Caution: This documentation is for eZ Publish legacy, from version 3.x to 5.x.
For 5.x documentation covering Platform see eZ Documentation Center, for difference between legacy and Platform see 5.x Architecture overview.

The content node tree

The content node tree is a hierarchical organization of the objects. Each leaf in the tree is a node (also known as a location). Each node refers to one object. The usual case is that an object is referenced by only one node. Because of the node-encapsulation of objects, any type of content object can be placed anywhere in the tree. At the minimum, the tree consists of one node, called the root node. The identification number of the root node is 1. The root node is a virtual node, it does not encapsulate an actual object. A node that is directly below the root node is called a top level node (the top level nodes are described in the next section). The depth and width of the tree is virtually unlimited. The following illustration shows a simplified example of how objects are referenced by nodes which together make up the content node tree.

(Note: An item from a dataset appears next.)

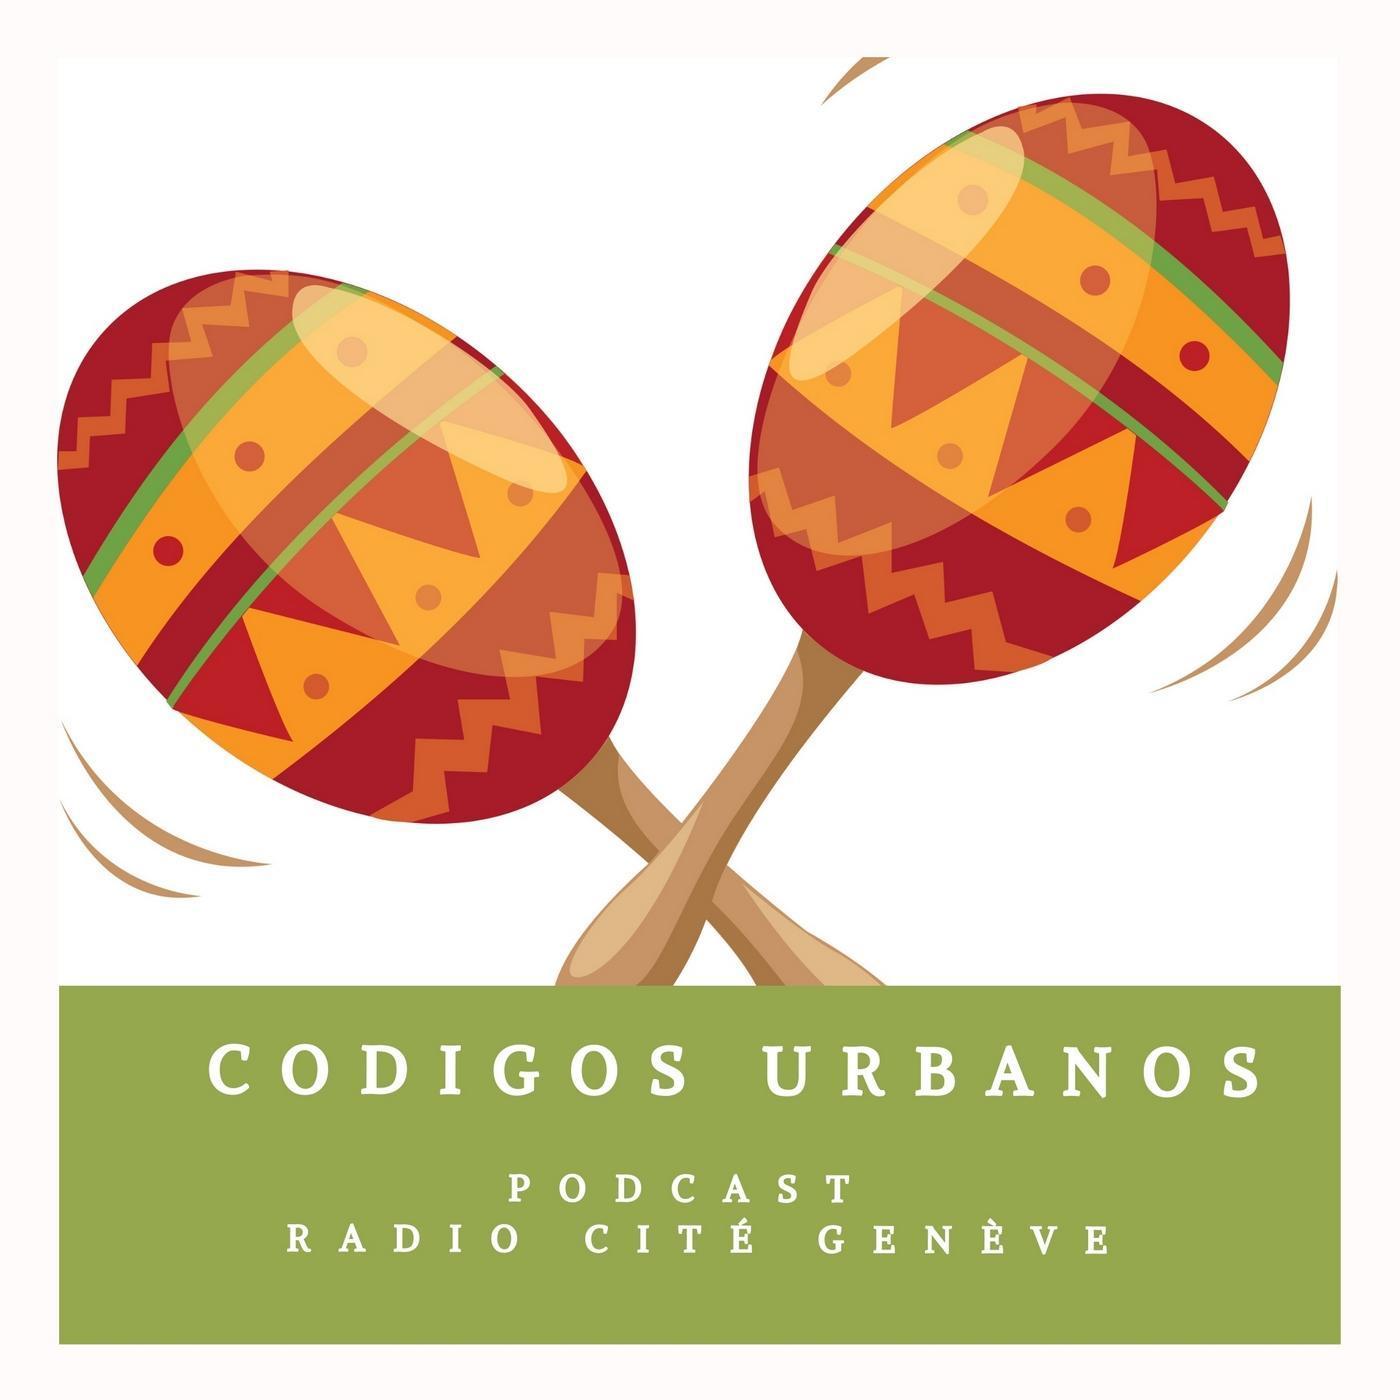 Codigos Urbanos - 27/04/21

Objects, nodes and the content node tree

Objects, nodes and the content node tree

The following illustration shows the same node structure seen from the outside world.

Content node tree

Content node tree

Multiple locations

An object may be referenced by several nodes, which means that the same object can appear at different locations within the tree. This feature can for example be used to place a specific news article at two locations: the front page and the archive. In the case of multiple nodes/locations, only one node can be considered as the main node of an object. The main node usually represents the object's original location in the tree. The other nodes can be thought of as additional nodes / locations. If an object is referenced by a single node then of course that node would be the main node. Among other things, the main node is used to avoid multiple search hits, infinite recursive loops, smart filtering, etc. The following illustration shows an example of a structure where an object has multiple locations in the tree. It will simply be empty and will have the possibility to contain a different set of sub items.

Objects, node and the content node tree - multiple locations

Objects, node and the content node tree - multiple locations

The following illustration shows the same node structure seen from the outside world.

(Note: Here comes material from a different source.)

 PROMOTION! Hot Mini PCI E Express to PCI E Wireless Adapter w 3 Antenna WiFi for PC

Content node tree with multiple locations

Content node tree with multiple locations

Pitfall

A very common mistake when planning the structure of a site is thinking of multiple locations as shortcuts/links on a file system. Unfortunately, this is not how the node tree works. When a new location is added to an object, eZ Publish will not go through and create replica of the node structure below the object's original location. For example, if a folder containing several sub-folders with articles, images, etc. is assigned a secondary location, the sub-folders with articles, images, etc. will not be automatically available below the new location of the folder.

Additional notes

Only published objects appear in the tree. A newly created object (status set to draft) does not get a node assignment until the object is published for the first time. An object is considered to be deleted (status set to archived) when all nodes referencing that object are removed from the tree. A deleted object will appear in the system trash. It is important to understand that the trash in eZ Publish is a flat structure. This is different from what people are used to from the trash implementation in modern operating systems. Objects in the trash can be recovered to their original locations. However, this is only possible if their original parent nodes have not been deleted. Otherwise, the user must specify a new/alternate location for the objects during recovery. Note that specifying an alternate/new location can be done regardless if the system is able to restore a deleted object at its original location or not.

Furthermore, if a folder containing some news articles is deleted, both the folder and the articles will appear on the same level within the trash. Recovering the folder itself will not bring back the articles since the links between the folder and the articles got lost when the nodes were deleted. In this case, the folder needs to be recovered first. After that, each article has to be manually recovered and given a location.